======== EXERCISE DATA

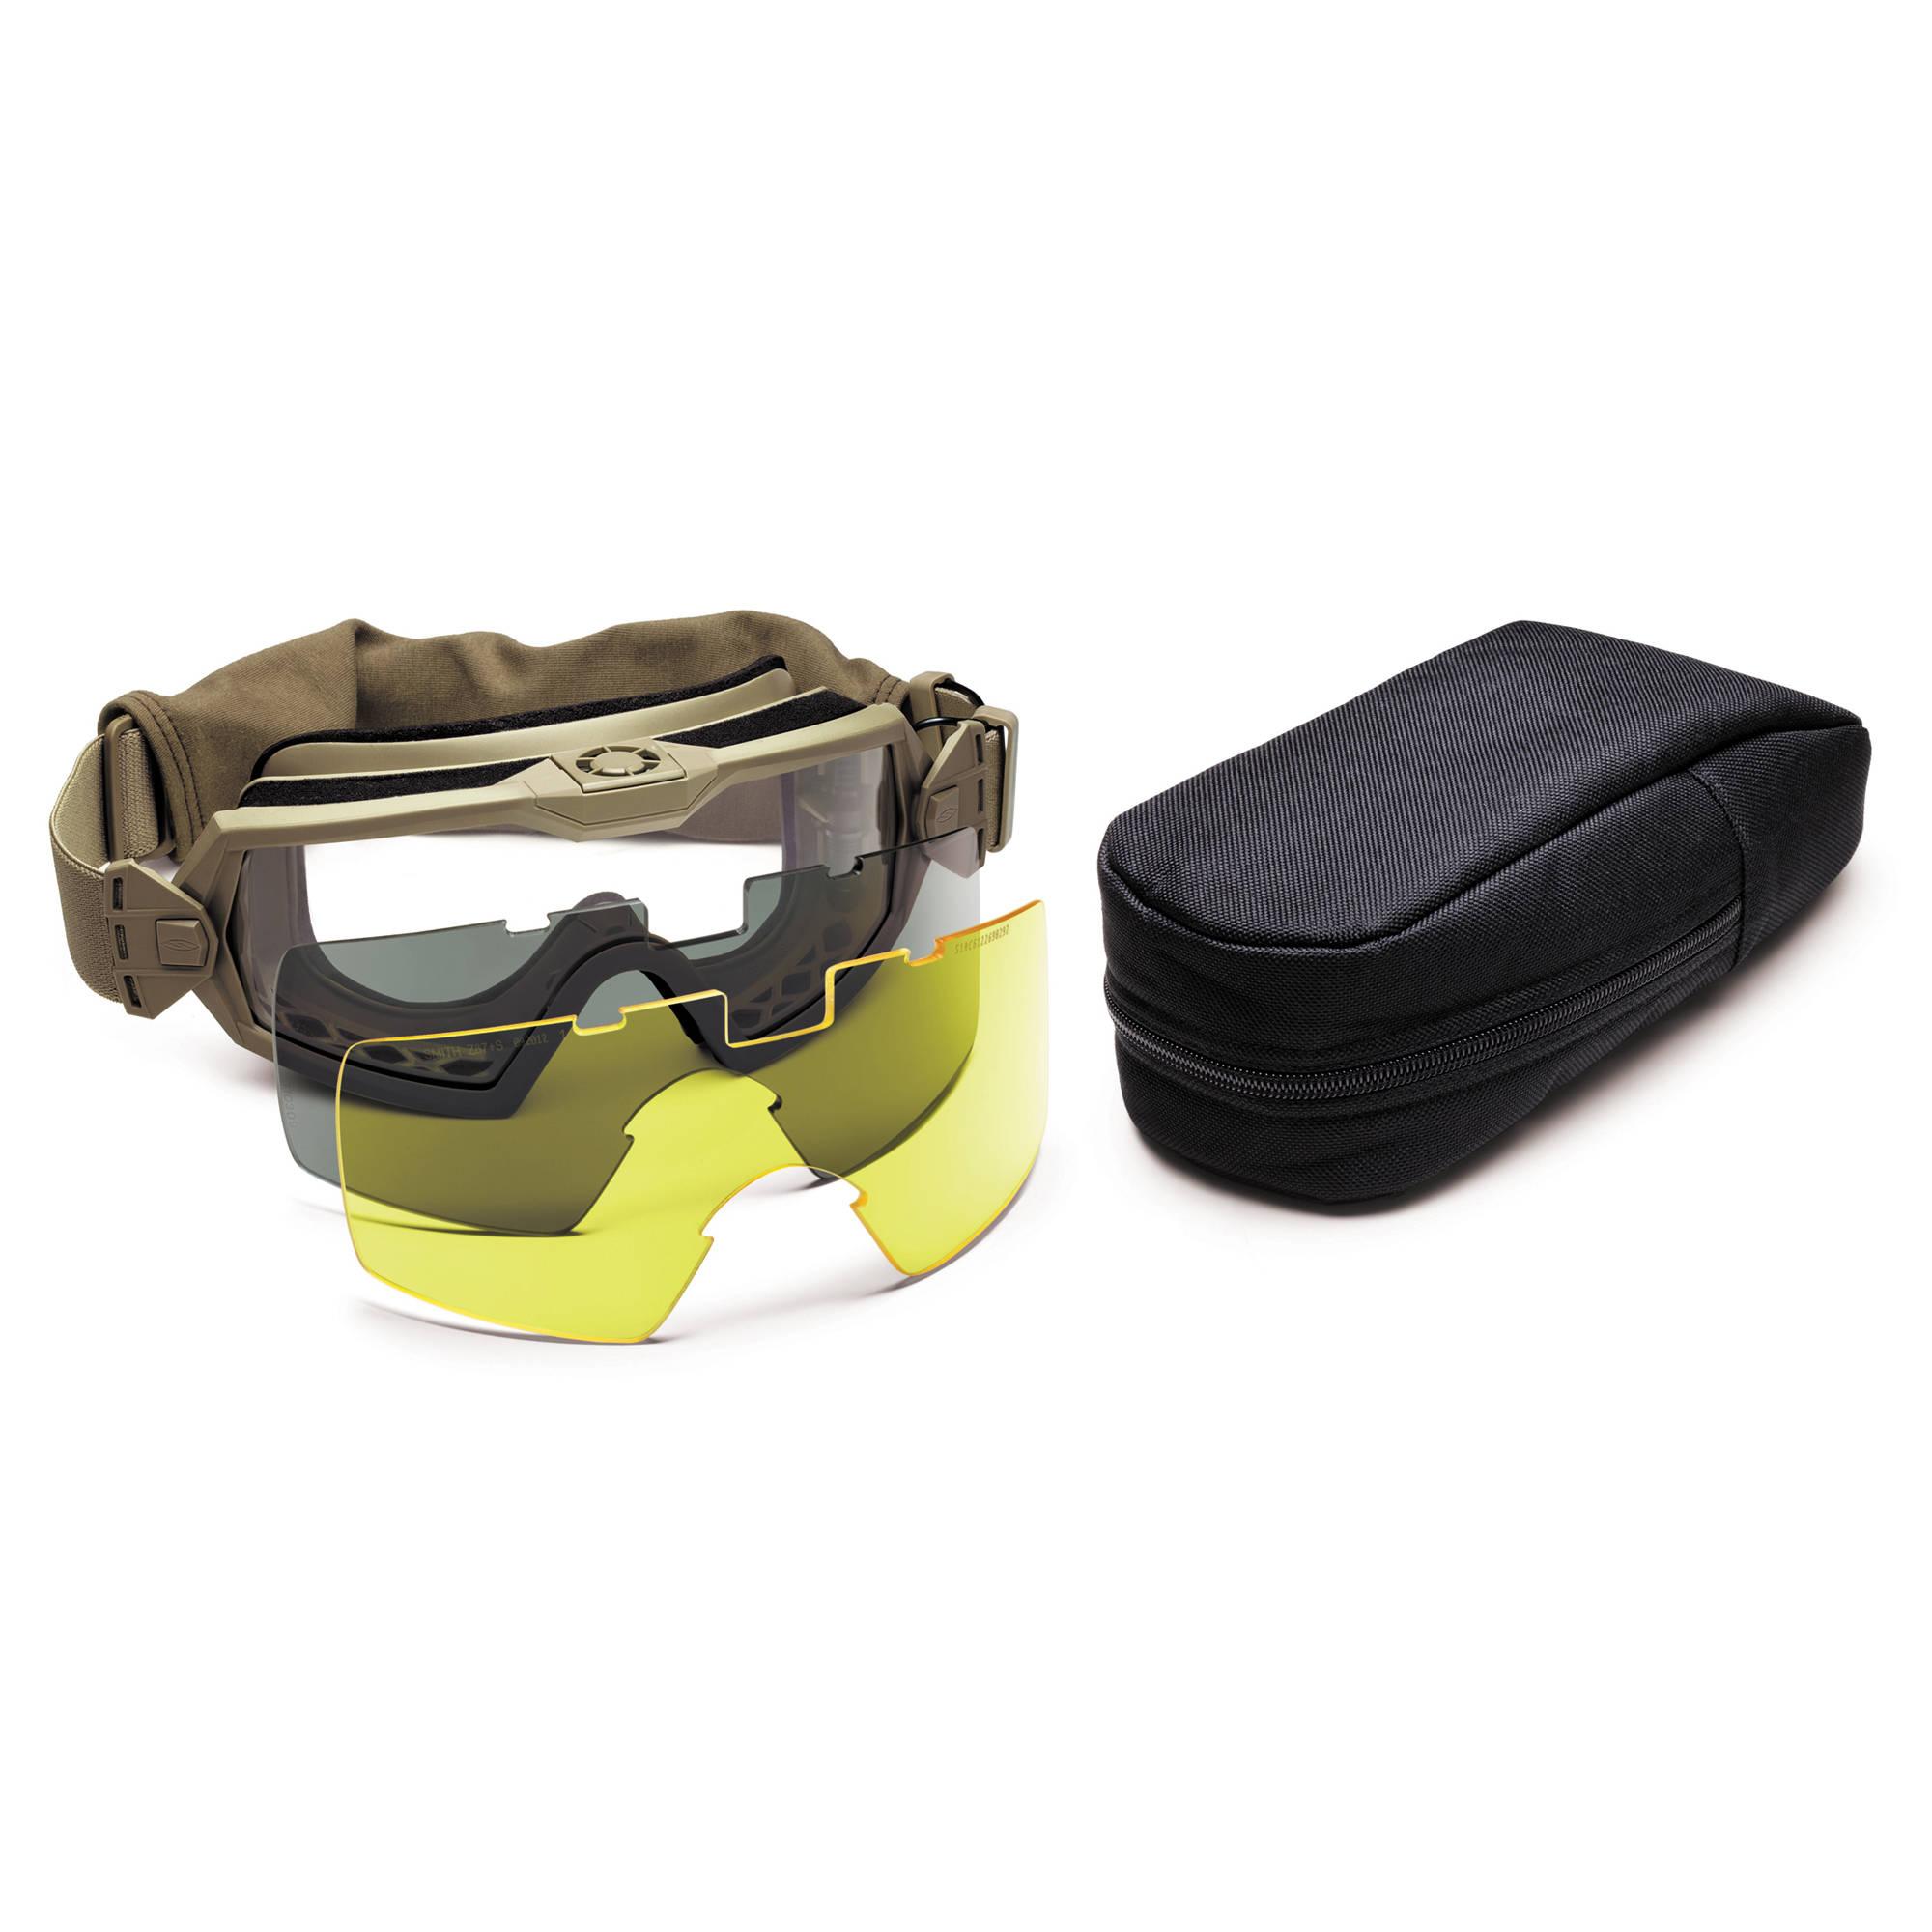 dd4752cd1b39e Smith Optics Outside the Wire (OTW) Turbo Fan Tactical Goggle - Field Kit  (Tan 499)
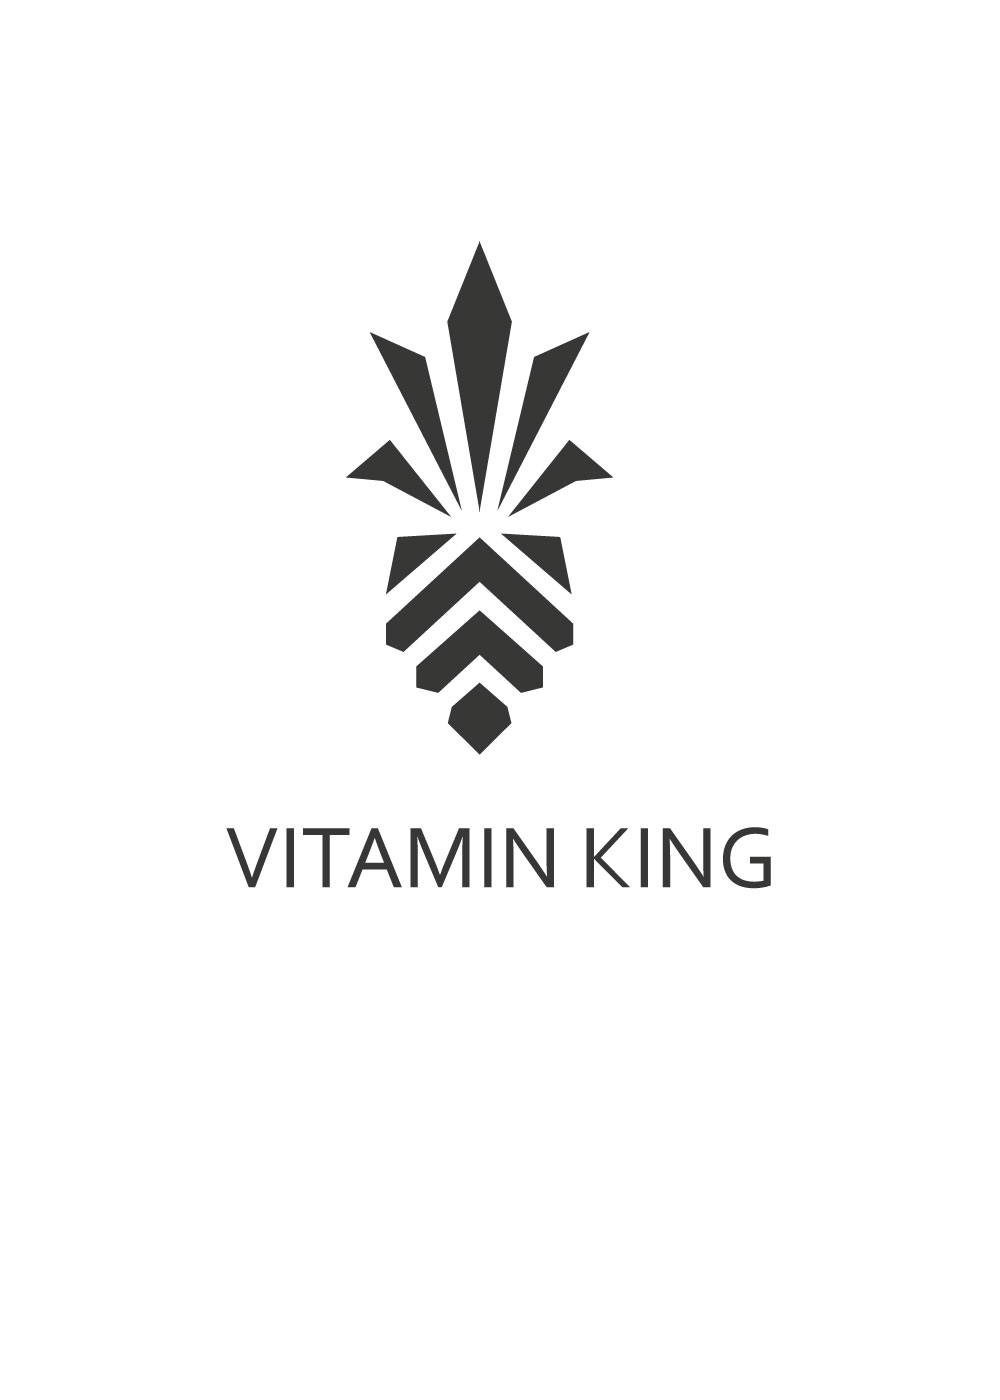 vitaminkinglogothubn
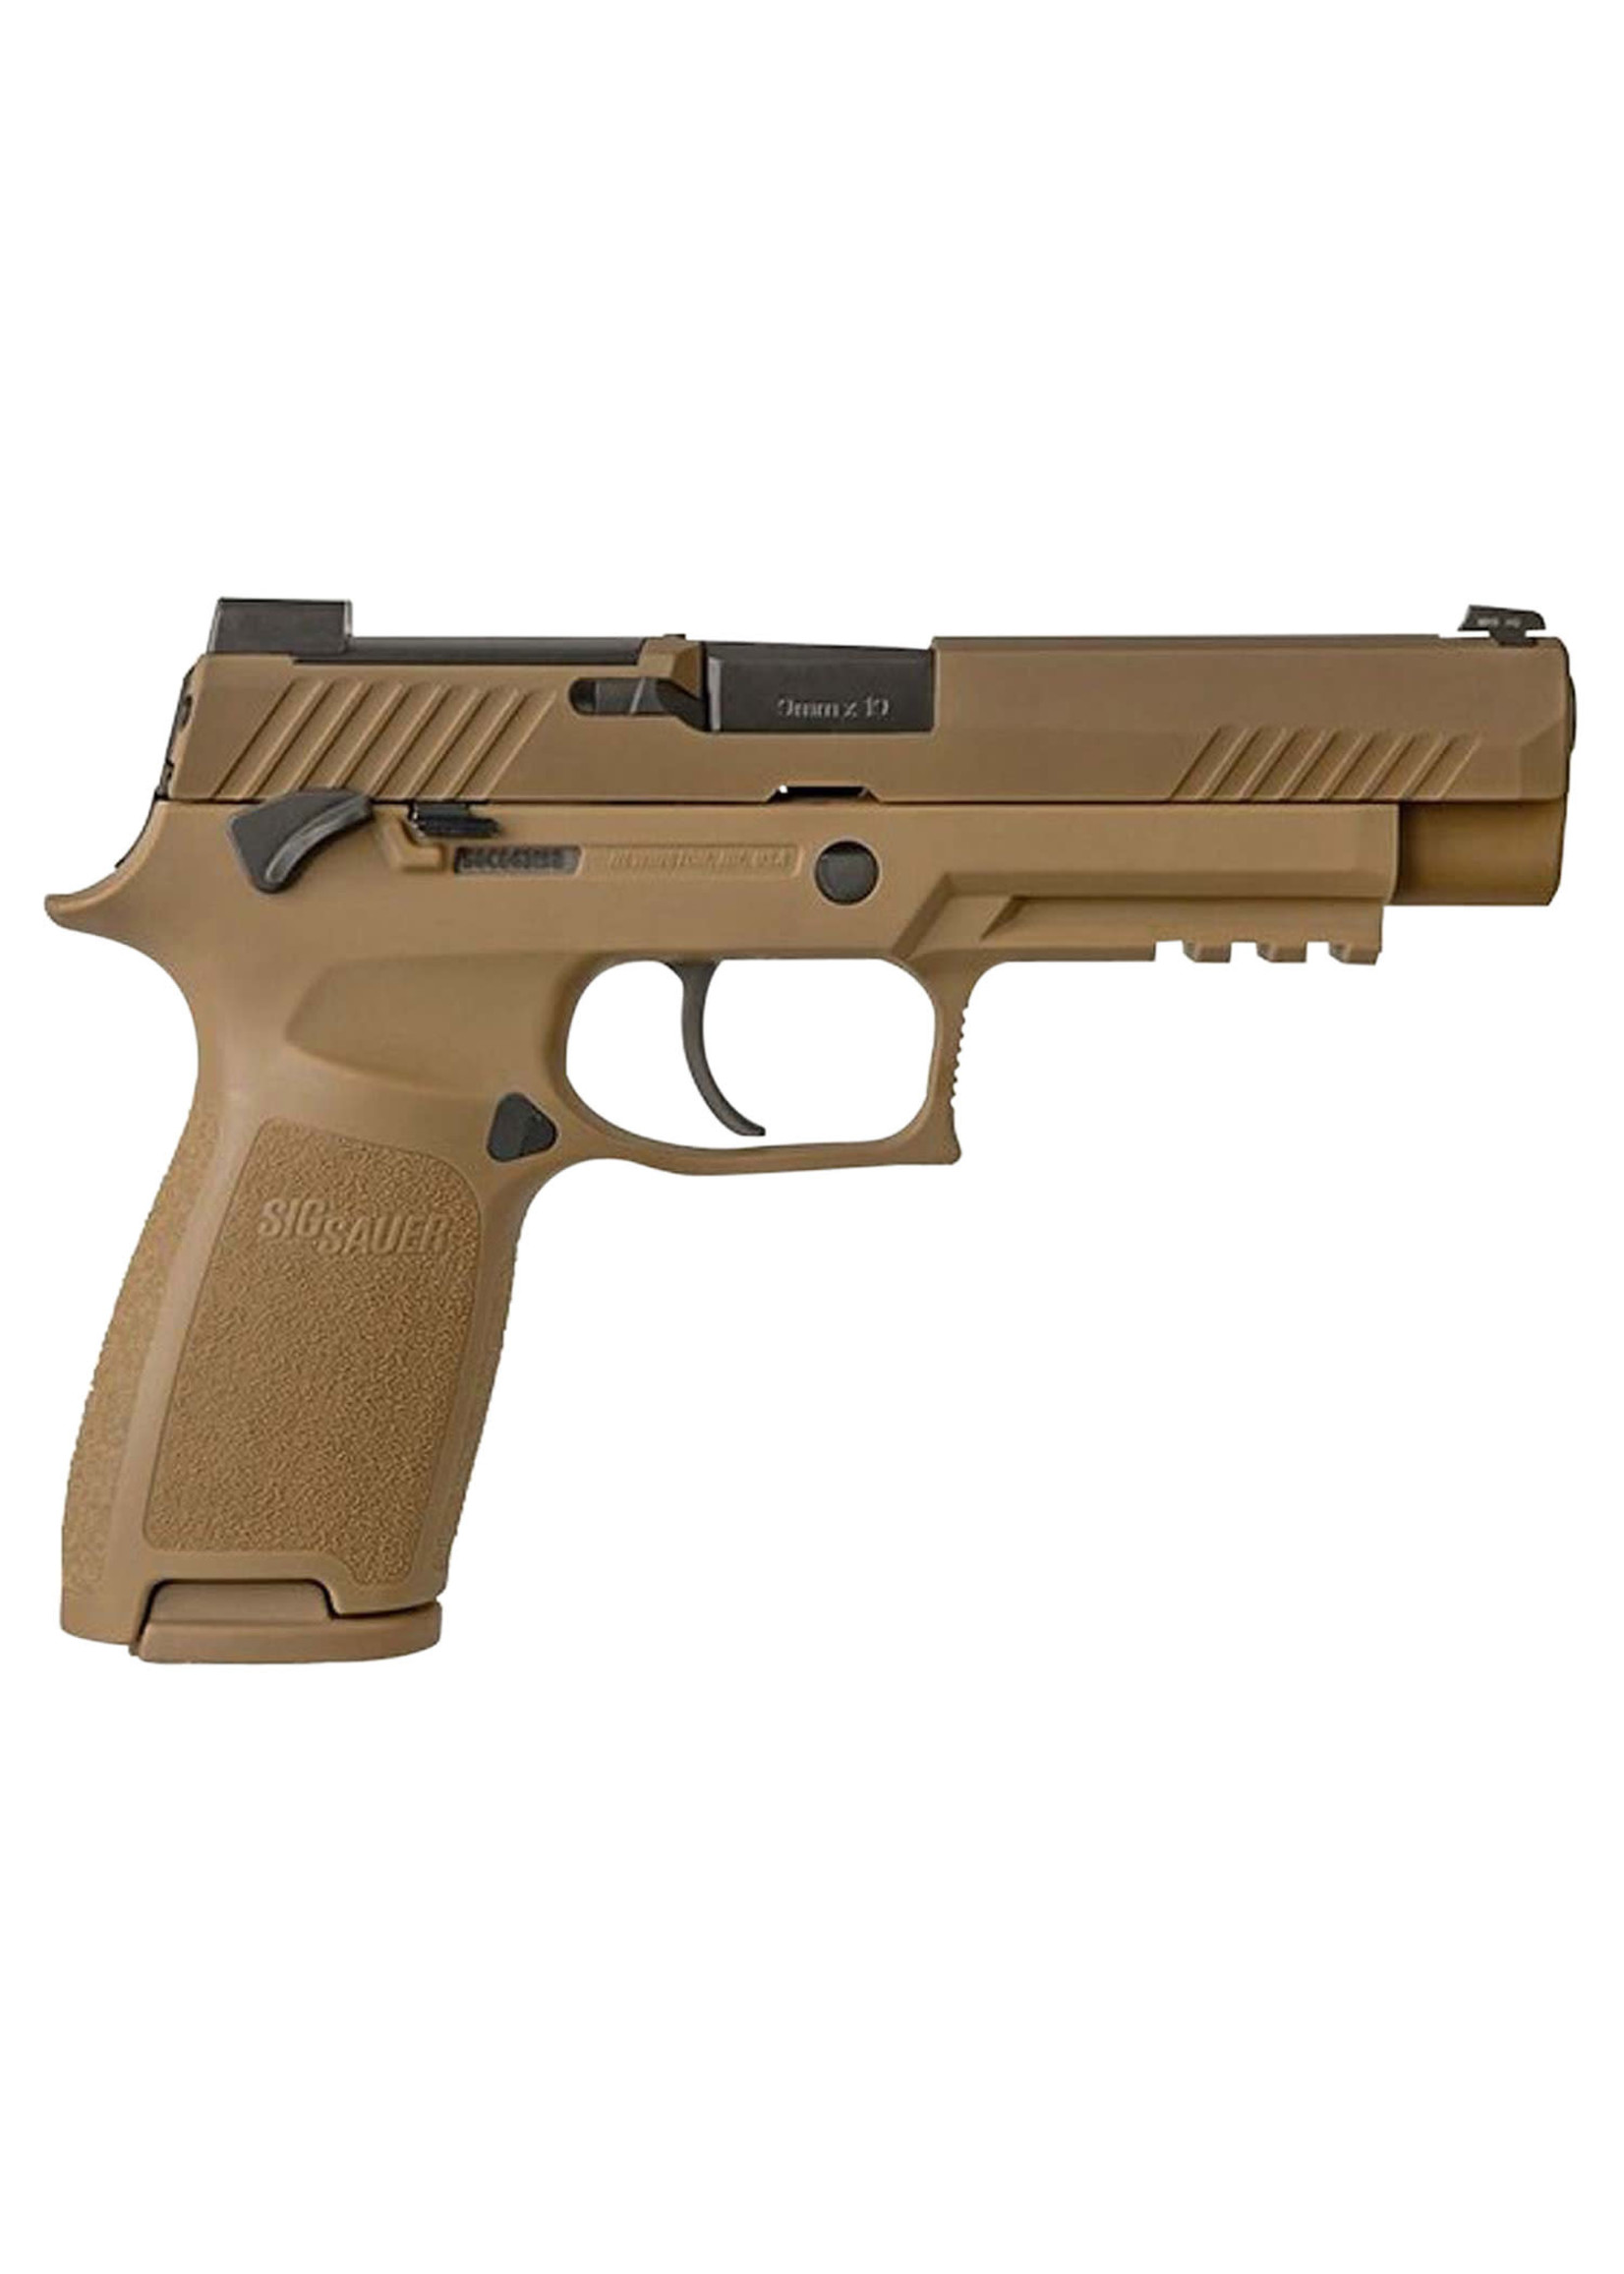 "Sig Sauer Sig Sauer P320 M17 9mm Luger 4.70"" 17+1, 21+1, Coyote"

================

— TO DO —
Could the data be reproduced exactly, with the pictures omitted?

— ANSWER SECTION —
 dd4752cd1b39e Smith Optics Outside the Wire (OTW) Turbo Fan Tactical Goggle - Field Kit  (Tan 499)
 vitaminkinglogothubn
 "Sig Sauer Sig Sauer P320 M17 9mm Luger 4.70"" 17+1, 21+1, Coyote"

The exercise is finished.